DECLARE x INT64 DEFAULT 0;
LOOP
  SET x = x + 1;
  IF x >= 10 THEN
    BREAK;
  END IF;
END LOOP;
SELECT x;

詳細は割愛しますが、そのほかにも様々な構文を使用することが可能なので、是非ドキュメントを参照してみてください。また、ストアドプロシージャを利用すると、このようなスクリプトを保存して利用することもできます。

JSON 関数

BigQuery のクエリは比較的高速に実行されるので、生データが JSON 文字列の場合に、後の整形を前提として BigQuery を生データの保存場所として利用することも可能です。その際には JSON 関数を利用すれば、フィールドに格納された JSON 文字列から値を取得することができます。

JSON文字列から値を取得
SELECT
  JSON_EXTRACT(json_text, "$.class['students'][0]['name']") AS string_name, -- クォート付き文字列
  JSON_EXTRACT_SCALAR(json_text, "$.class['students'][0]['name']") AS scalar_name, -- 文字列
  JSON_EXTRACT_ARRAY(json_text, "$.class['students']") as string_array -- 配列
FROM UNNEST([
  '{"class": {"students": [{"name": "Jane"}, {"name": "Mike"}]}}'
  ]) AS json_text;

+-------------+-------------+-----------------+
| string_name | scalar_name | string_array    |
+-------------+-------------+-----------------+
| "Jane"      | Jane        | {"name":"Jane"} |
+-------------+-------------+-----------------+
|             |             | {"name":"Mike"} |
+-------------+-------------+-----------------+

スケジューリング

BigQuery では、クエリを定期的に実行(スケジューリング)する機能が存在します。クエリの記述が完了したら、「クエリのスケジュール」から設定を行うことが可能です。
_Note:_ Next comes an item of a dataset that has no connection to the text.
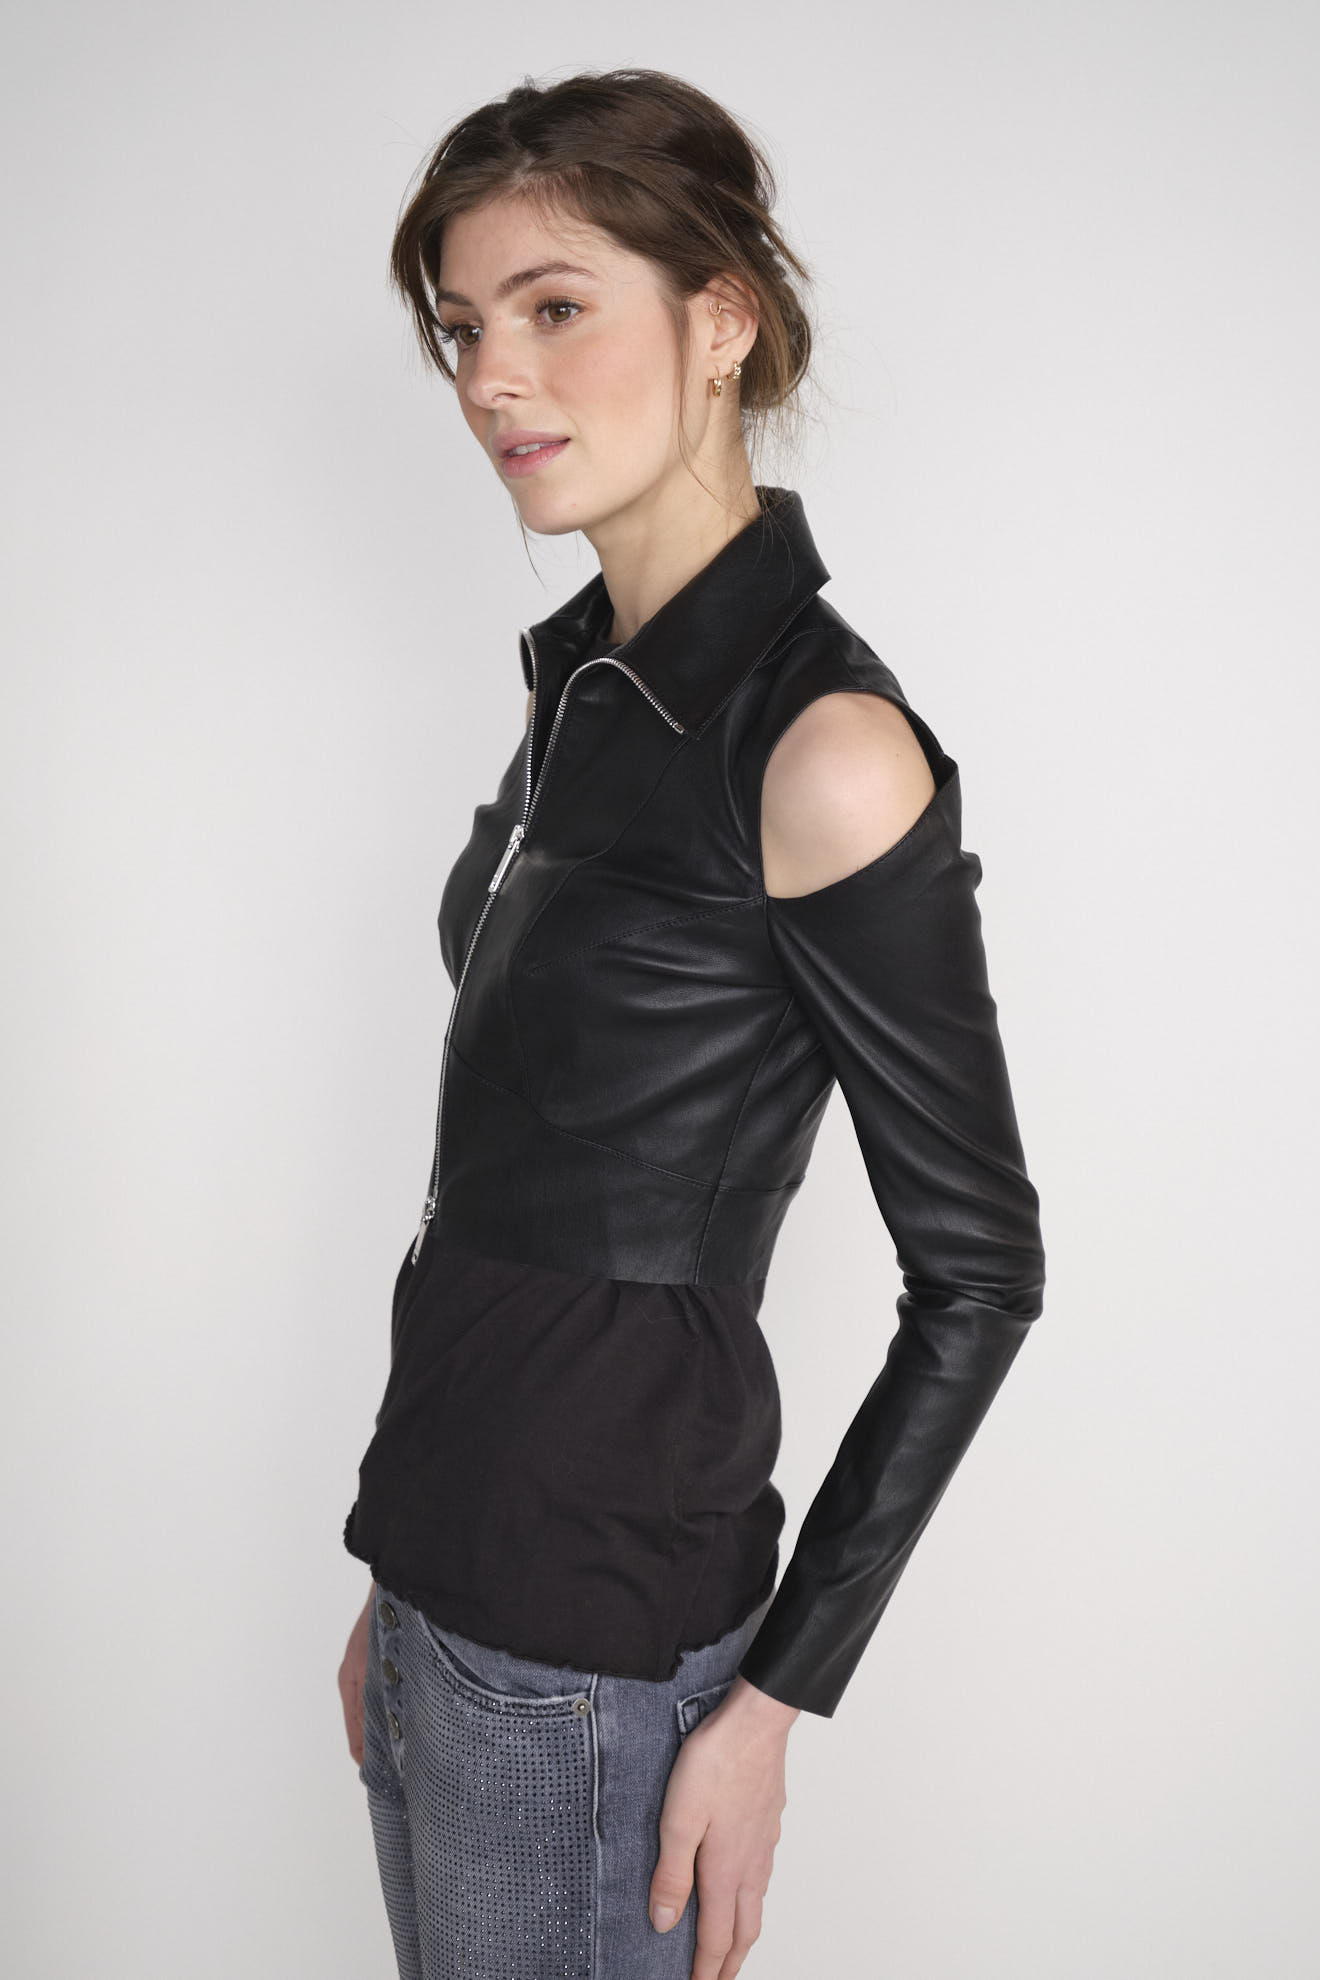 jitrois Nadia - leather jacket with cut-outs black 36
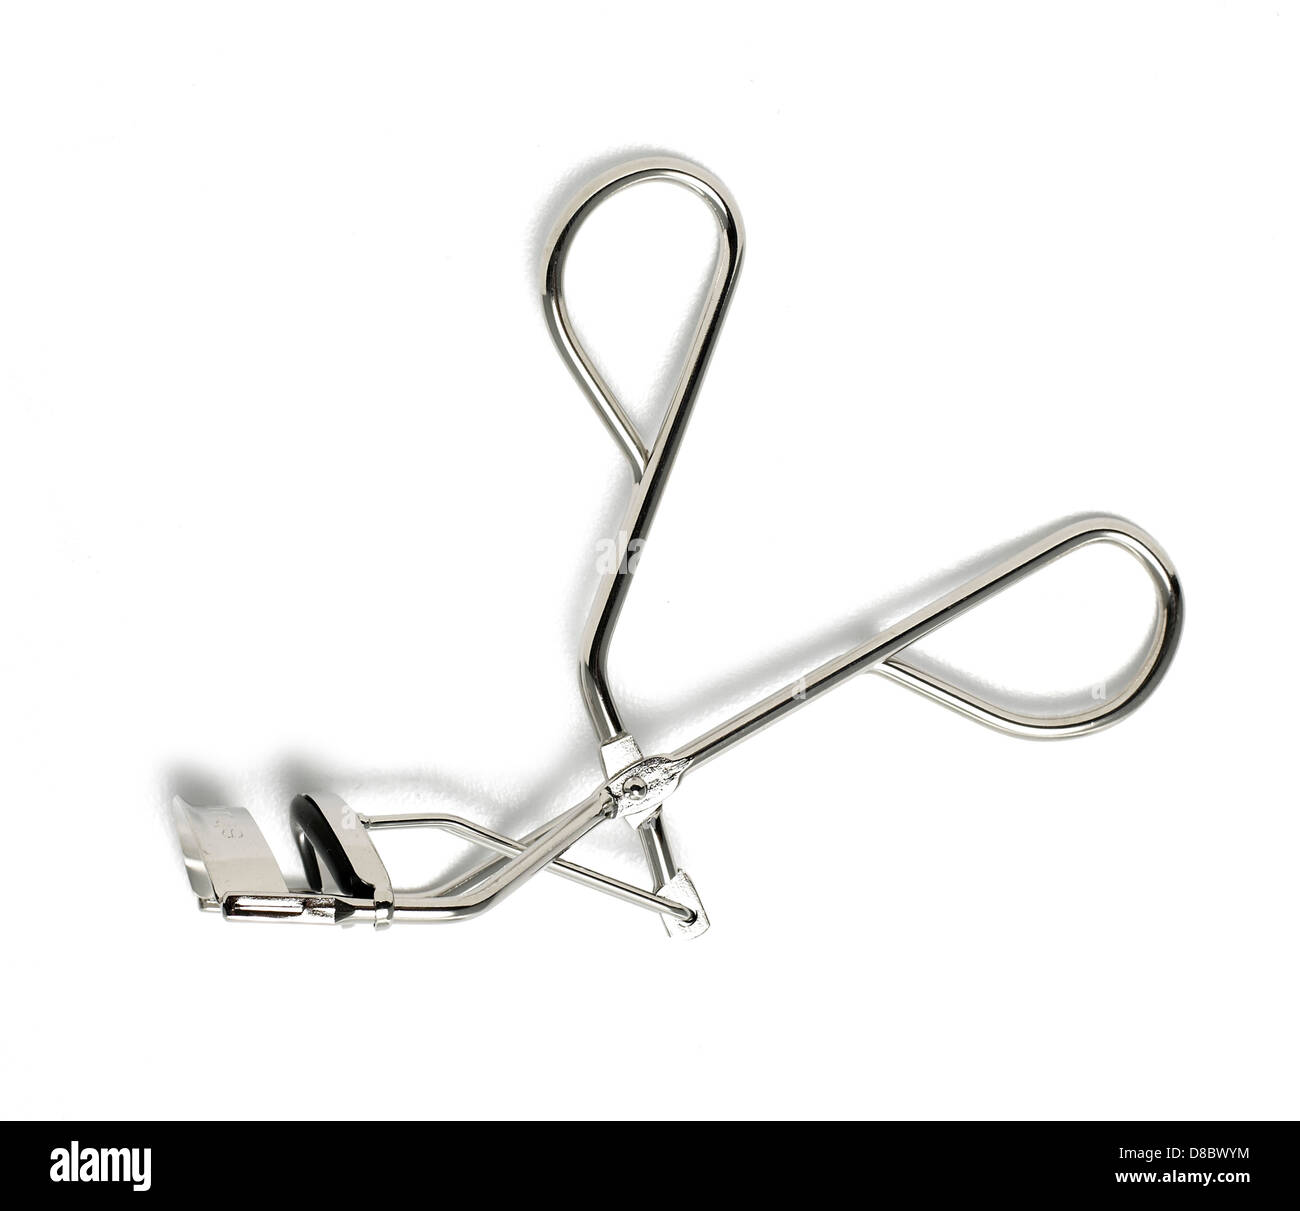 silver metal eyelash curlers cut out onto a white background Stock Photo

スクリーンショット 2020-09-24 17.59.51.png

複数のクエリを定期実行する場合に、クエリに依存関係を持たせたい場合は Airflow, Digdag などの他のツールを検討する必要があります。

まとめ

本記事では、BigQuery でデータ基盤を構築・運用する際に知っておくと良い機能を簡易的にまとめました。これらの機能を上手く利用すれば、効果的にデータウェアハウスの構築や運用を行うことができるかと思います。